The input contains multiple test cases. The first line contains an integer $T$ indicating the number of test cases. Each test case is described as follows: * The first line contains four integers $N, M, K, R$. * The next $N$ lines each contain $M$ numbers. For the number in row $i$, column $j$, if it equals $0$, it means the cell at row $i$, column $j$ is a normal cell; otherwise, it is an obstacle. * The next $K$ lines each start with nine integers $x_i, y_i, a_i, b_i, c_i, d_i, f_i, z_i, r_i$, describing piece $i$. Its initial position is at row $x_i$, column $y_i$, its attributes are $a_i, b_i$, and its team is $c_i$. If $c_i = 0$ it is red; otherwise it is blue. The initial facing direction is $d_i$, where $d_i = 0, 1, 2, 3$ represent up, down, left, right. $f_i$ is the first cooldown time, and $z_i$ is the cooldown interval, i.e., if not affected by other pieces, piece $i$ releases its skill for the first time in round $f_i$, and then once every $z_i$ rounds. $r_i$ is its revival time. Then there is a string $s_i$, which is the English name of its skill, already given after each skill above. For different skill types, additional values are appended on the same line as follows: 1. Heavy Hammer Sparkles (toolihai): no additional input. 2. King of Face (faceking): no additional input. 3. Hair Gone (onepunch): additional input $v_i, l_i$, representing the boost value and duration. 4. Rabi Ribi (rabiribi): additional input $v_i$, representing the skill range. 5. Dropout Fireworks (firework): additional input $l_i$, representing the duration of the effect. 6. Save Uganda (viuganda): no additional input. 7. Dimensionality Reduction Strike (2dsaigao): additional input $y_i, v_i, l_i$, representing the travel distance of the wave, the affected range after explosion, and the duration of the effect. 8. Gugu Gugu (gugugugu): no additional input. 9. Backward Propagation (backward): additional input $l_i$, meaning returning to $l_i$ rounds earlier.

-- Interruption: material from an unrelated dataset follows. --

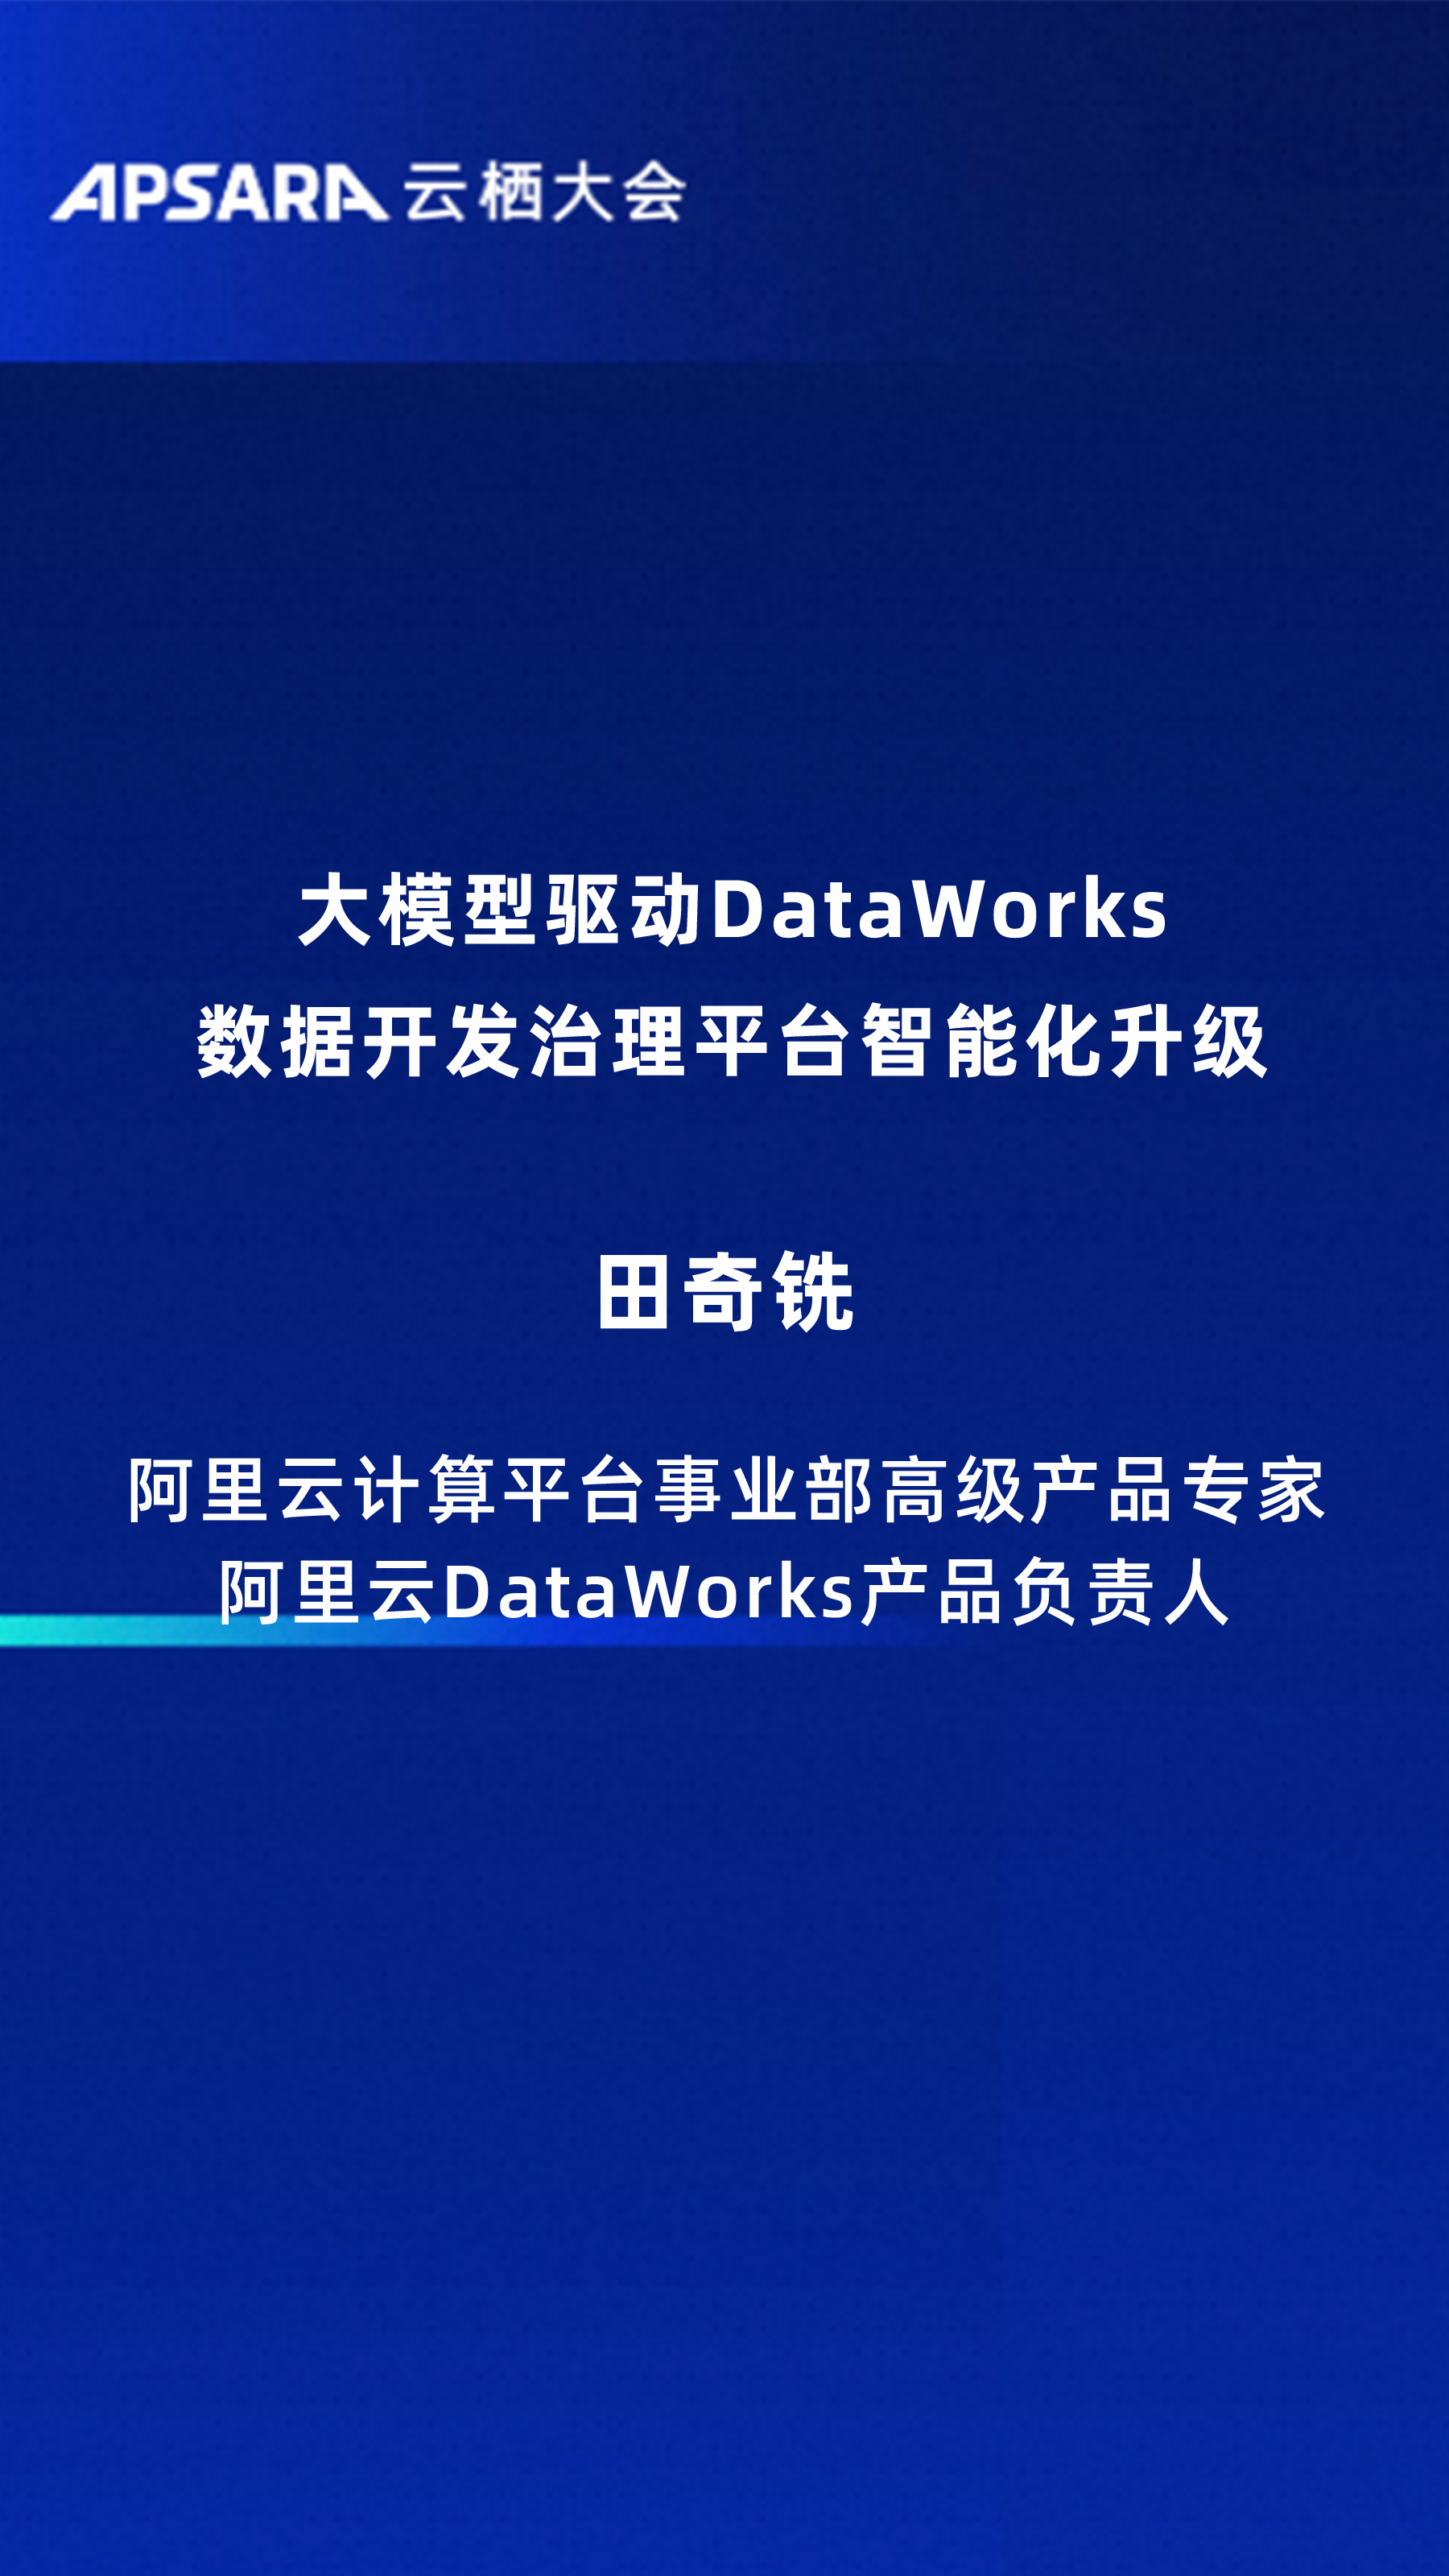 大模型驱动DataWorks数据开发治理平台智能化升级

The data guarantees it will not return to before the start of the game. 10. Praise of Scallions (hupraise): no additional input.

For each test case: * Every time skill $10$ is activated, output one line containing one integer. * After the game ends, output $K$ lines. Each line contains two integers indicating the current row and column of piece $i$.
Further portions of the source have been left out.